One of the library’s former directors, Fred J. Reynolds, pieced the collection together over a period of years.
“What he did was get a pickup truck or a station wagon when he found out about an estate sale or an old book store that was going out of business,” Ferverda said. “He would go there and buy things he thought looked historical.”
The library gets its antiques and artifacts as they come available from various dealers and collectors, as well as donations from library patrons and estates. The pieces that cost the library money, Ferverda said, are partly paid for out of the library’s materials budget and supplemented with money from the Allen County Public Library Foundation.
“We try to be mindful and not extravagant with how we spend that money,” she said. “We try to get as many of these exceptional materials for the smallest amount that we have to pay.”
While access to the actual rare books and artifacts is limited, much of the material is available online for easy public access. A large portion of the Lincoln Collection—more than 13,000 books, newspapers, pamphlets and other documents, as well as more than 3,000 photographs—has been scanned and uploaded to the Web.
Digitization is done by Internet Archive, a nonprofit organization specializing in preservation and providing digital access to cultural artifacts. The branch at the ACPL is the only one of its kind in the Midwest, Ferverda said. The rest are on either coast or in countries like China.
“As of today, we’ve digitized 106,183 books at this center,” said Jeff Sharpe, the Midwest regional digitization coordinator for Internet Archive. “That’s 31,631,046 images since 2007.”
That’s a total of 62 terabytes of information digitized and uploaded to the Web since the process started seven years ago.
In addition to digitizing antique books and documents, Internet Archive also takes orders from library patrons and institutions, including American Printing House, the American Legion, Concordia and various universities. The library usually gets the bulk of its orders during the summer, Ferverda said, when schools are preparing for the upcoming term.

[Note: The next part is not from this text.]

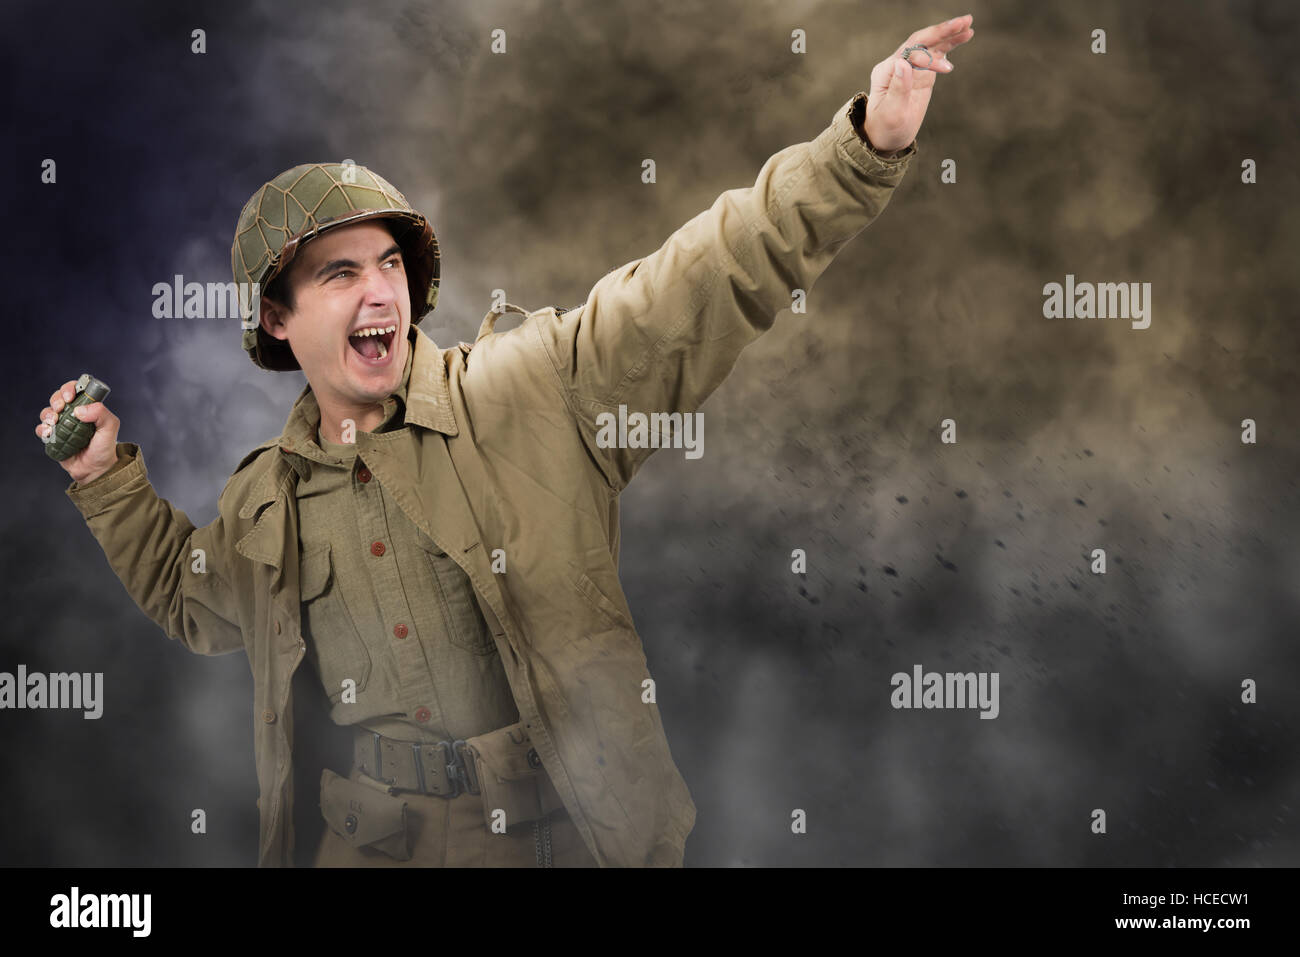 young American soldier ww2 throwing a grenade Stock Photo

“We scan for more than 250 different partners here,” Sharpe said. “Mostly university libraries.”
Orders cost about 10 cents per page and are uploaded to the Internet within 24 hours.
“(The technicians) really know how to do this quickly and carefully,” Ferverda said.
There are also six family history volunteers from FamilySearch, which is operated by the Church of Jesus Christ of Latter-day Saints, who upload between 150,000 and 200,000 images a month as part of its genealogy efforts. Sharpe described the relationship as “win-win-win” for the library, FamilySearch and Internet Archive.
“We get more knowledge into our system, FamilySearch gets more information for its genealogy service, and the library gets more material for its database,” Sharpe said. “Universal access to all knowledge is our motto.”